Exercise goal: Lines before the one containing "toplist Cyberpunk Car" in the records below are to be left out; that line and all after it, through the end, are to be retyped exactly.

Extracted material:
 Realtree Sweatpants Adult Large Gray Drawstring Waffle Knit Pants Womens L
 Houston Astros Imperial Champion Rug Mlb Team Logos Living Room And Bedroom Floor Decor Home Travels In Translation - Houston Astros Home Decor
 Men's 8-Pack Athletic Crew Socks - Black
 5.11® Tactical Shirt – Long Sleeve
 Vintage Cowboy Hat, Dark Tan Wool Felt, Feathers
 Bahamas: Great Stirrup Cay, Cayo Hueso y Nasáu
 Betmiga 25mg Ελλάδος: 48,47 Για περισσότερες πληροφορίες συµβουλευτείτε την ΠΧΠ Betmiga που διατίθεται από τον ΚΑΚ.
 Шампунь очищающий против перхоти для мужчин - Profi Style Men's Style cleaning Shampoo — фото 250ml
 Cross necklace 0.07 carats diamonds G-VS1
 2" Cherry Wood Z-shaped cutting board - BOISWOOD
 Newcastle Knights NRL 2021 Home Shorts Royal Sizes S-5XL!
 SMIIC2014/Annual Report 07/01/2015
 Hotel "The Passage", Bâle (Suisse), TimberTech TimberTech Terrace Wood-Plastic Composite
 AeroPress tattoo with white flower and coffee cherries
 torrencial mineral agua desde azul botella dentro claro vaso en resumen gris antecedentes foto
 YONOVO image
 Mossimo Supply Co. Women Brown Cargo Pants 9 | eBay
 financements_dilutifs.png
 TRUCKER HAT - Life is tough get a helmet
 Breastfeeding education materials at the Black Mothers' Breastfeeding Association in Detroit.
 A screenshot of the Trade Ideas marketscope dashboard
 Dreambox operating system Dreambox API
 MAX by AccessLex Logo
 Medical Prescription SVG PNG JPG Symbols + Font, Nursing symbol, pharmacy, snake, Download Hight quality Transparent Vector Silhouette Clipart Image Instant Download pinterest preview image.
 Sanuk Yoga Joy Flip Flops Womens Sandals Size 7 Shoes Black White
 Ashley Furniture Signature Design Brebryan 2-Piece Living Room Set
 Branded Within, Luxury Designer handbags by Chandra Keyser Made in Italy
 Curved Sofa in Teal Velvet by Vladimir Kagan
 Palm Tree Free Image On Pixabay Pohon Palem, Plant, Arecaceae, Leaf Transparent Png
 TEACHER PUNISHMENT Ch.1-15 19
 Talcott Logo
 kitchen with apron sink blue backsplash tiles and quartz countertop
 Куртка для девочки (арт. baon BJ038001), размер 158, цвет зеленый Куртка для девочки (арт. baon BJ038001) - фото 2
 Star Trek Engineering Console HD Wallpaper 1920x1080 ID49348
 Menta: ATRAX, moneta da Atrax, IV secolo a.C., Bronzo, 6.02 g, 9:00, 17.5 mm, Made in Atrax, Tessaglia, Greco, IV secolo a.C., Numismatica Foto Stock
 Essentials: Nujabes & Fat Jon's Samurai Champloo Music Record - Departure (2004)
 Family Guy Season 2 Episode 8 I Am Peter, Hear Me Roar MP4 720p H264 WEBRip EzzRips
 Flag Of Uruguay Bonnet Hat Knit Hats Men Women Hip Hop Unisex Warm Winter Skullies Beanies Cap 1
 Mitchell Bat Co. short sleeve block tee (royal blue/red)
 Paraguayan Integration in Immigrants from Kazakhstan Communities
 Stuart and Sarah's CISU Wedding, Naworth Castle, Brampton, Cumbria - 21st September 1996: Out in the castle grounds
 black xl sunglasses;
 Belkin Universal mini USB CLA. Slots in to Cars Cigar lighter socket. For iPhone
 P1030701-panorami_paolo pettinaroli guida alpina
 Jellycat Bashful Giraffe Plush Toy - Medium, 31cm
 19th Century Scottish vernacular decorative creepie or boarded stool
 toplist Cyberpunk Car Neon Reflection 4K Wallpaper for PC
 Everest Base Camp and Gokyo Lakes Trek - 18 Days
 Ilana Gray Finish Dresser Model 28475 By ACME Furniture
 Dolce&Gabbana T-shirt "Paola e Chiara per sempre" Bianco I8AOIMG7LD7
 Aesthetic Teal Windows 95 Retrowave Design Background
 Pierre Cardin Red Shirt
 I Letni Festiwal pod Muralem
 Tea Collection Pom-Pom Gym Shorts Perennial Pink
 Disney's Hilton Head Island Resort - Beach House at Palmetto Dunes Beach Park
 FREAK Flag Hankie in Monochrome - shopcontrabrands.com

Output of the exercise:
 toplist Cyberpunk Car Neon Reflection 4K Wallpaper for PC
 Everest Base Camp and Gokyo Lakes Trek - 18 Days
 Ilana Gray Finish Dresser Model 28475 By ACME Furniture
 Dolce&Gabbana T-shirt "Paola e Chiara per sempre" Bianco I8AOIMG7LD7
 Aesthetic Teal Windows 95 Retrowave Design Background
 Pierre Cardin Red Shirt
 I Letni Festiwal pod Muralem
 Tea Collection Pom-Pom Gym Shorts Perennial Pink
 Disney's Hilton Head Island Resort - Beach House at Palmetto Dunes Beach Park
 FREAK Flag Hankie in Monochrome - shopcontrabrands.com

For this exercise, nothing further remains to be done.